With the exception of the inserted references to Sections 6424(d) (2) and 6427(e)(2) in Section 7604(b), the above judicial enforcement provisions, Sections 7402(b) and 7604(a) and (b), have not been amended since the Reisman decision and the Secretary or his delegate must still utilize these provisions to compel compliance with a summons issued under Section 7602 of the Internal Revenue Code. In deciding the issue sub judice, therefore, Reisman is controlling.

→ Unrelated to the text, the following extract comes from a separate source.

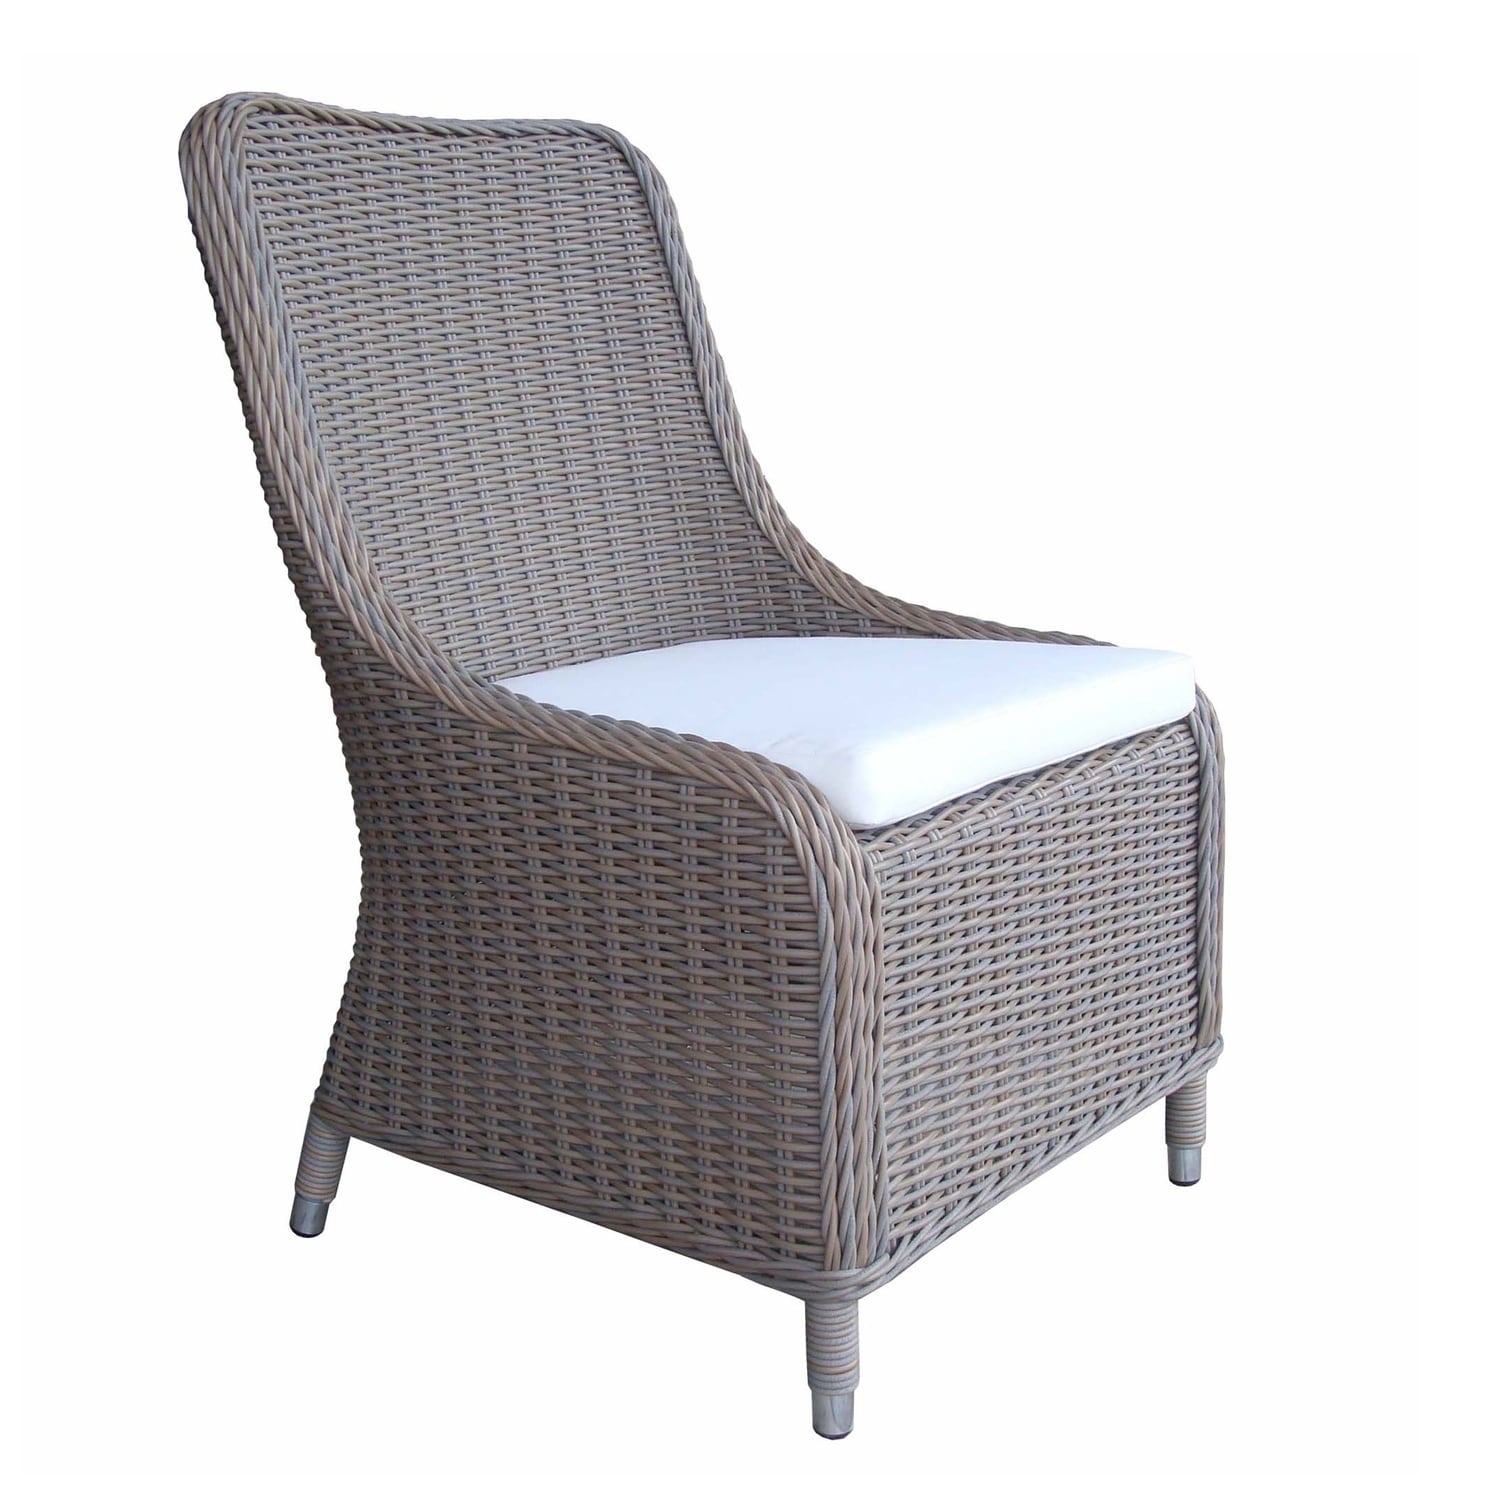 Shop Padma S Plantation Nautilus All Weather Wicker Outdoor Dining Chair Overstock 16849582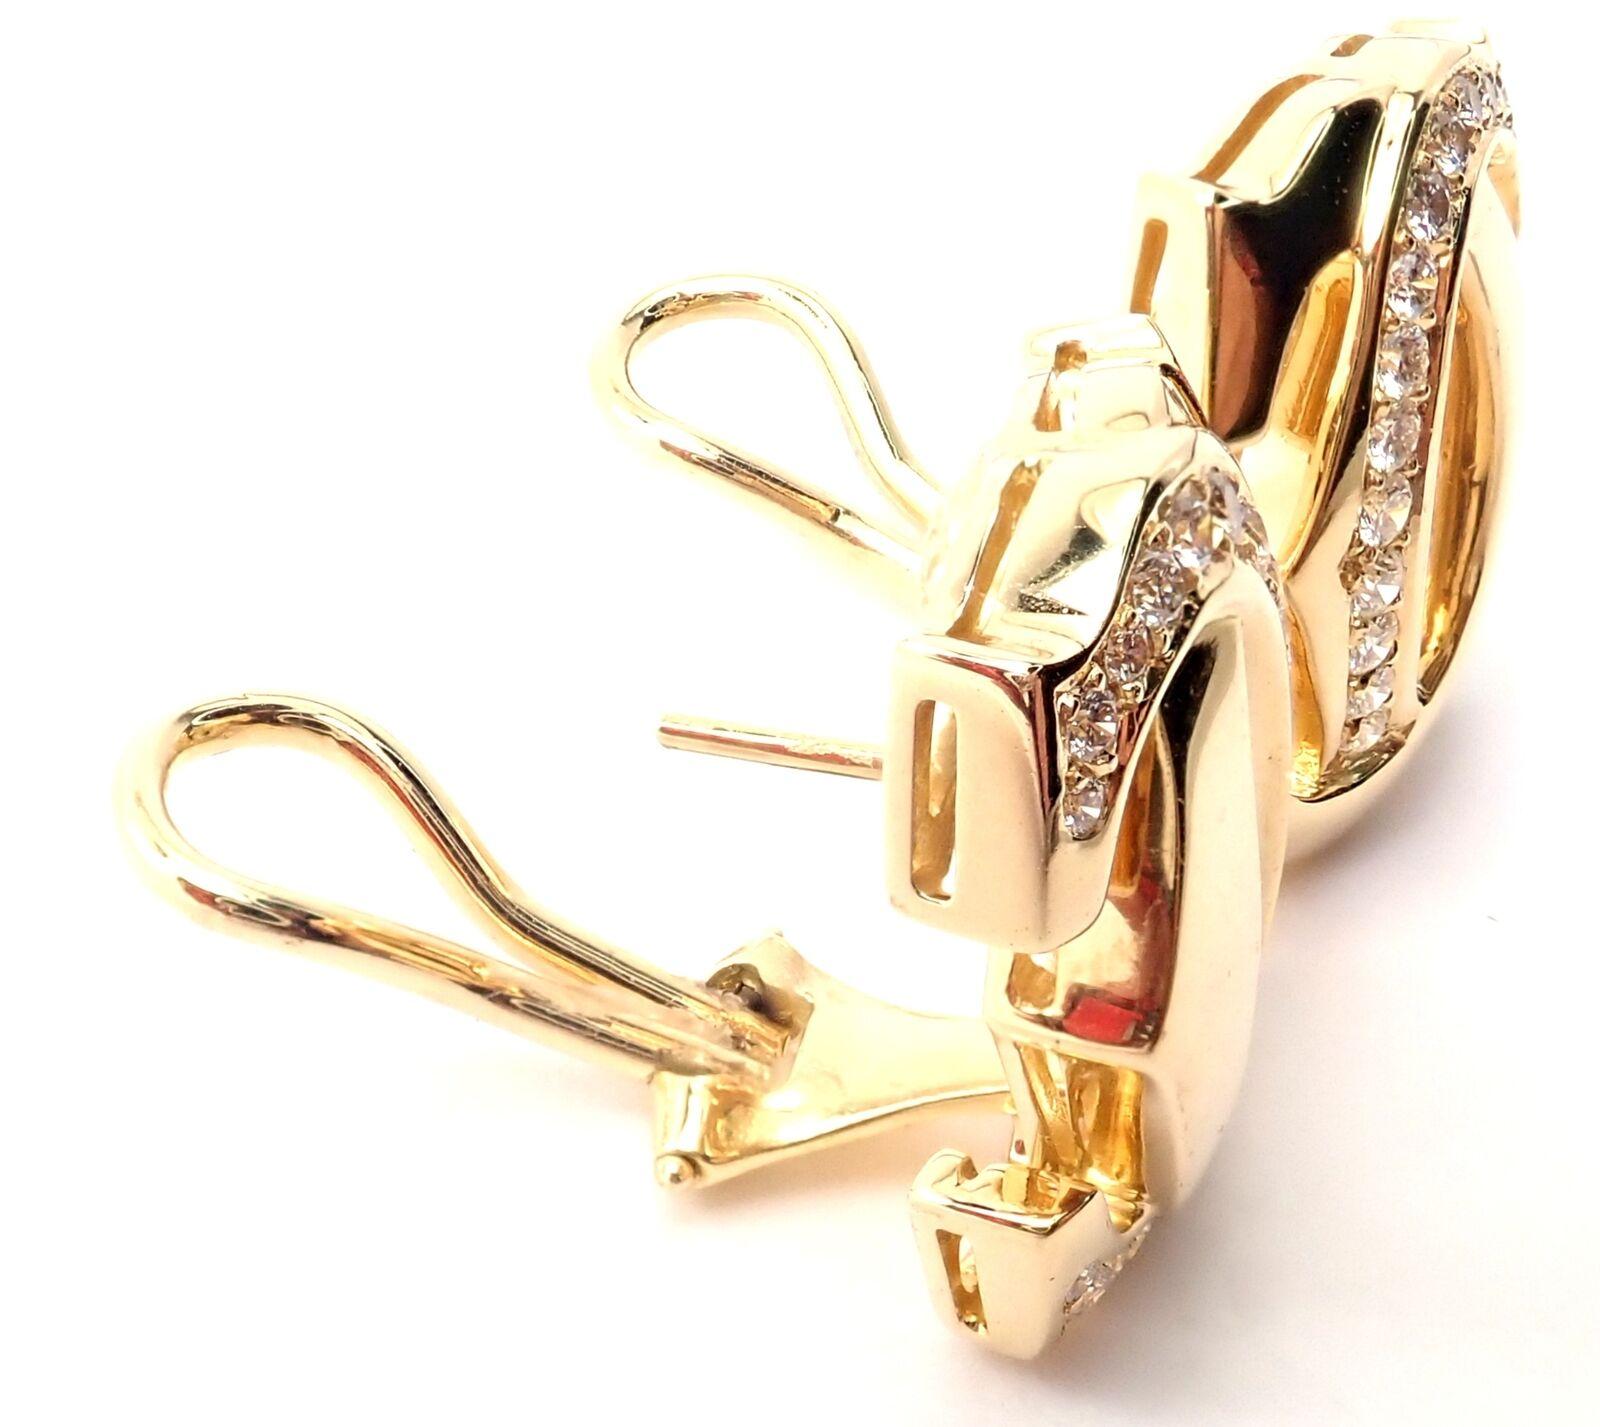 Cartier Penelope Double C Diamond Large Yellow Gold Earrings In Excellent Condition For Sale In Holland, PA

Under the rule of Reisman, petitioner Miguel Ramos has ample and full opportunity for a judicial determination of his challenges to the summons under the Internal Revenue Code’s summons enforcement provisions, Sections 7402(b) and 7604(a) and (b). This is so even though petitioner is not the summoned party. Reisman held that interested third parties might intervene in these enforcement proceedings to protect their interests. Reisman, supra at 449. Due to the attorney-client relationship herein involved, it would seem that such intervention by petitioner would be appropriate. Donaldson v. United States, 400 U.S. 517, 529-530, 91 S.Ct. 534, 27 L.Ed.2d 580 (1971). Consequently, petitioner has an adequate remedy at law and his petition to quash the summons served upon Abraham T. Needleman, Esq., must therefore be denied and dismissed. 
      
      . In investigating tax liability, the Secretary of the Treasury or his delegate is authorized under Section 7602
      [t]o summon the person liable for tax . . . or any person having possession, custody,- or care of books of account containing entries relating to the business of the person liable for tax ... or any other person the Secretary or his delegate may deem proper, to appear before the Secretary or his delegate ... to produce such books . . . and to give such testimony.
      26 U.S.C. § 7602.
     
      
      . Section 7604(b) also extends this remedy to summonses issued pursuant to Sections 6420(e)(2), 6421(f)(2), 6424(d)(2) and 6427(e)(2).